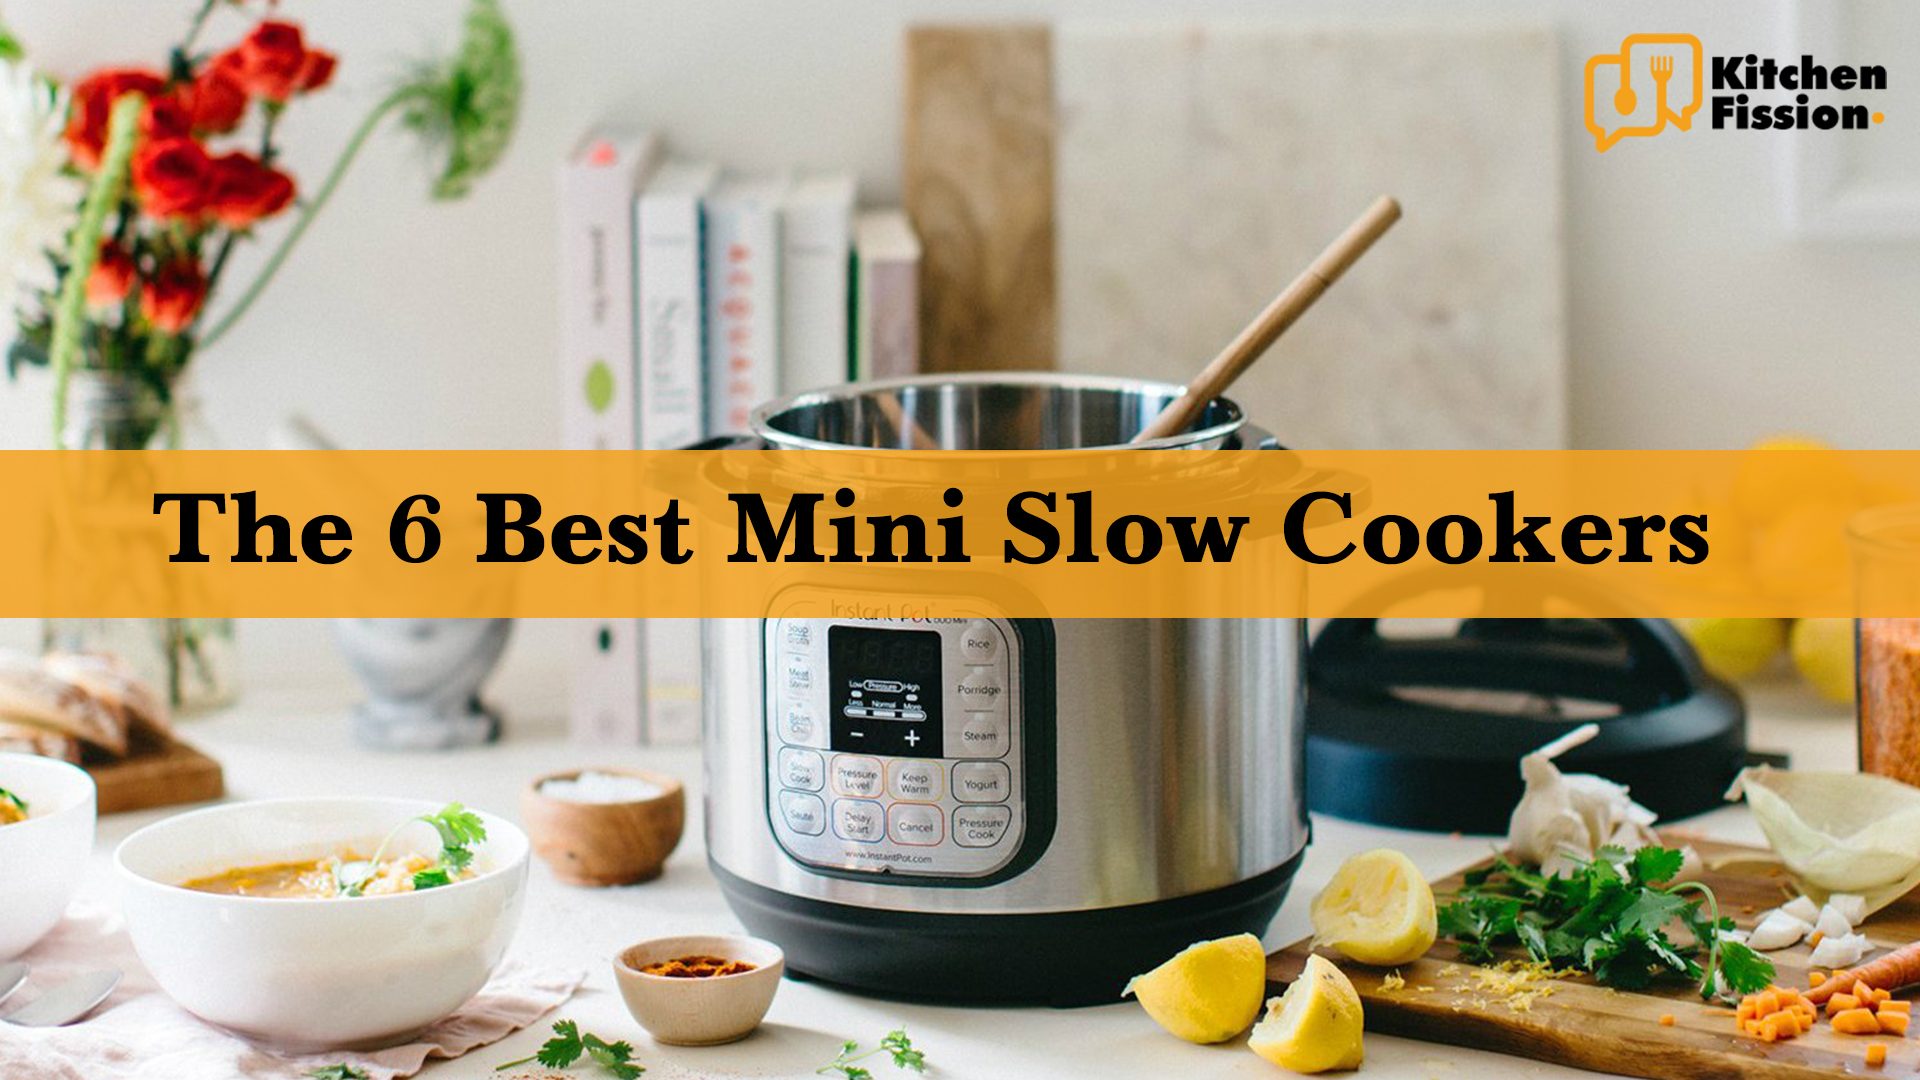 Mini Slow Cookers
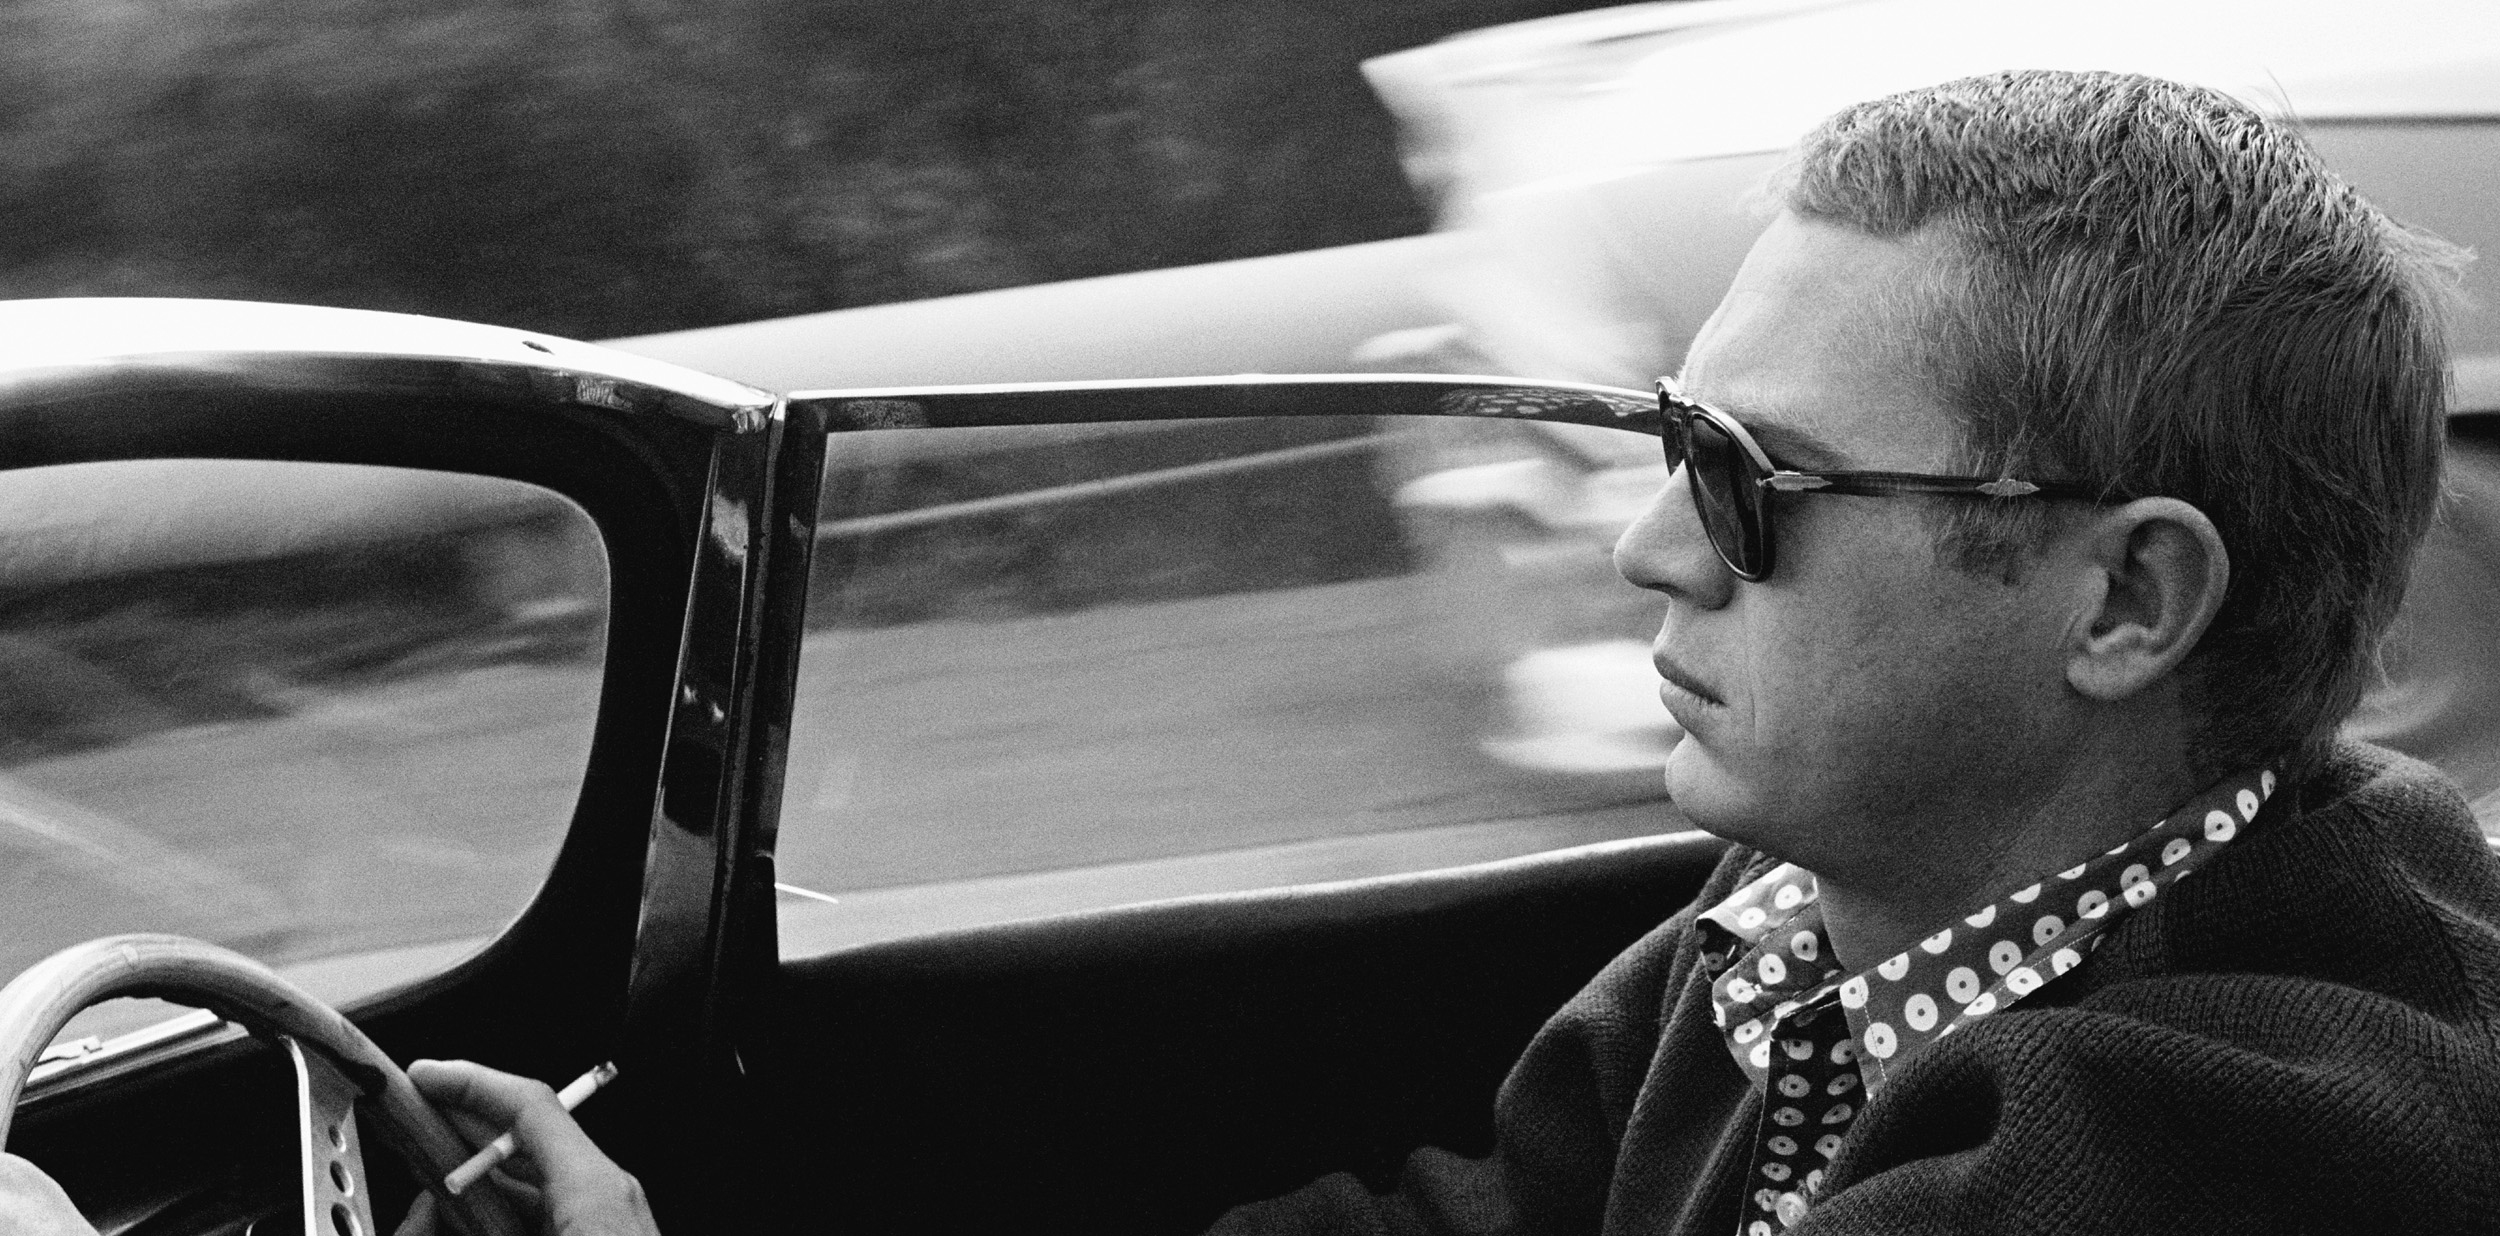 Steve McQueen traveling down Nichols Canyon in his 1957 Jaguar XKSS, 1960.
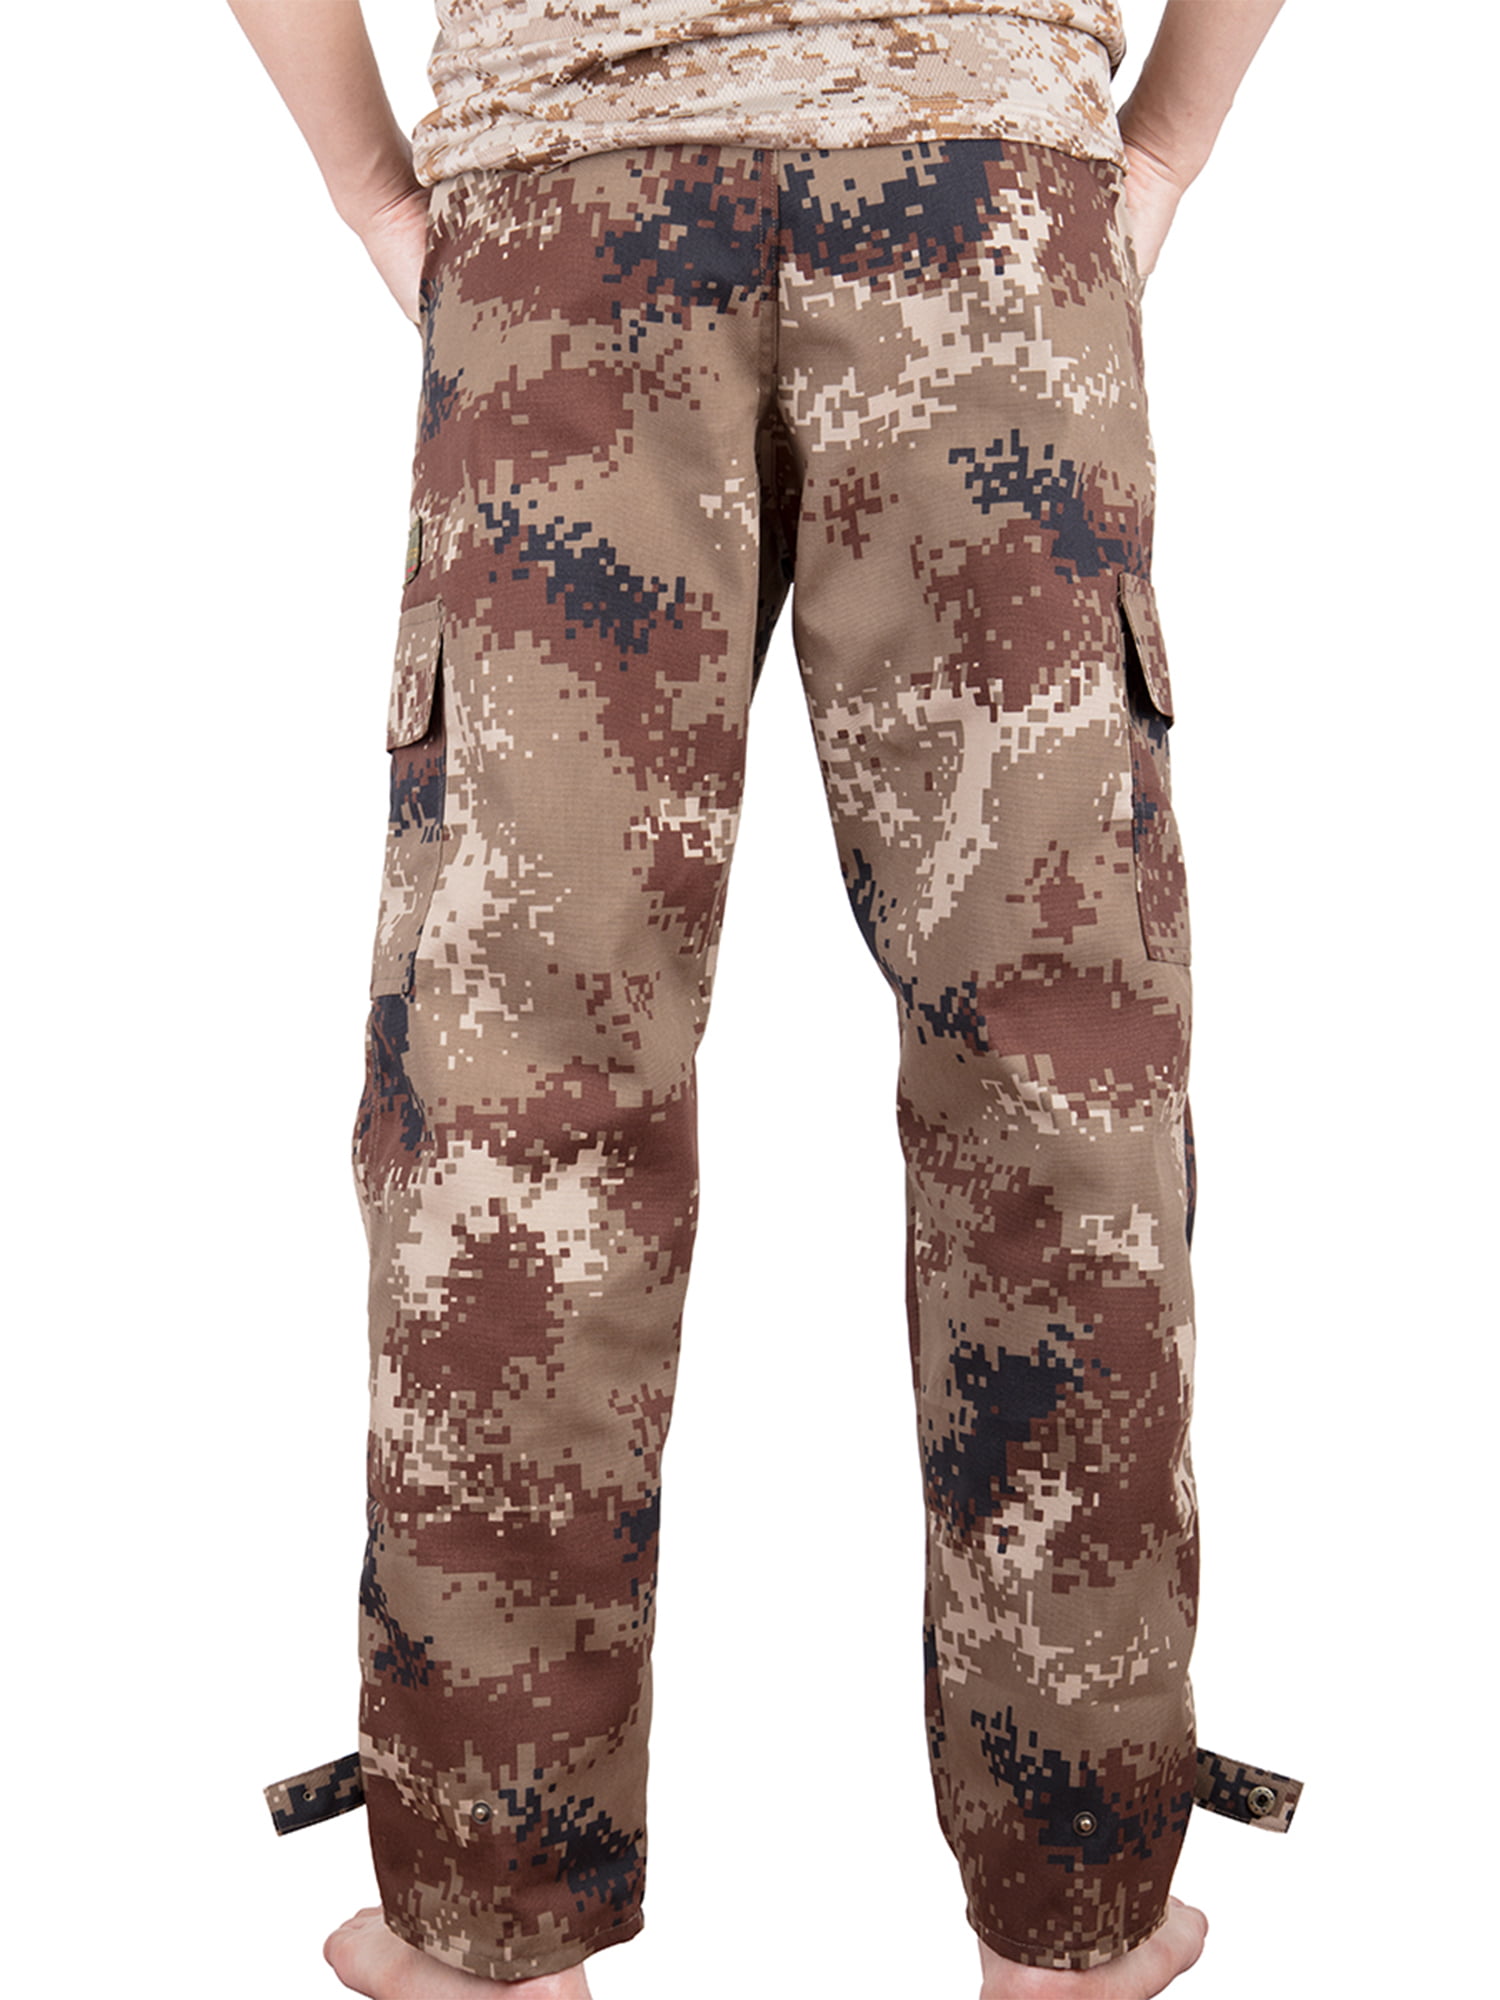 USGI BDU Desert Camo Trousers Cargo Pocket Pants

-----

> **TASK GOAL**: Retype all the data exactly, please, without pictures.

> **WRITTEN SOLUTION**:
 Mini Slow Cookers
 Steve McQueen traveling down Nichols Canyon in his 1957 Jaguar XKSS, 1960.
 USGI BDU Desert Camo Trousers Cargo Pocket Pants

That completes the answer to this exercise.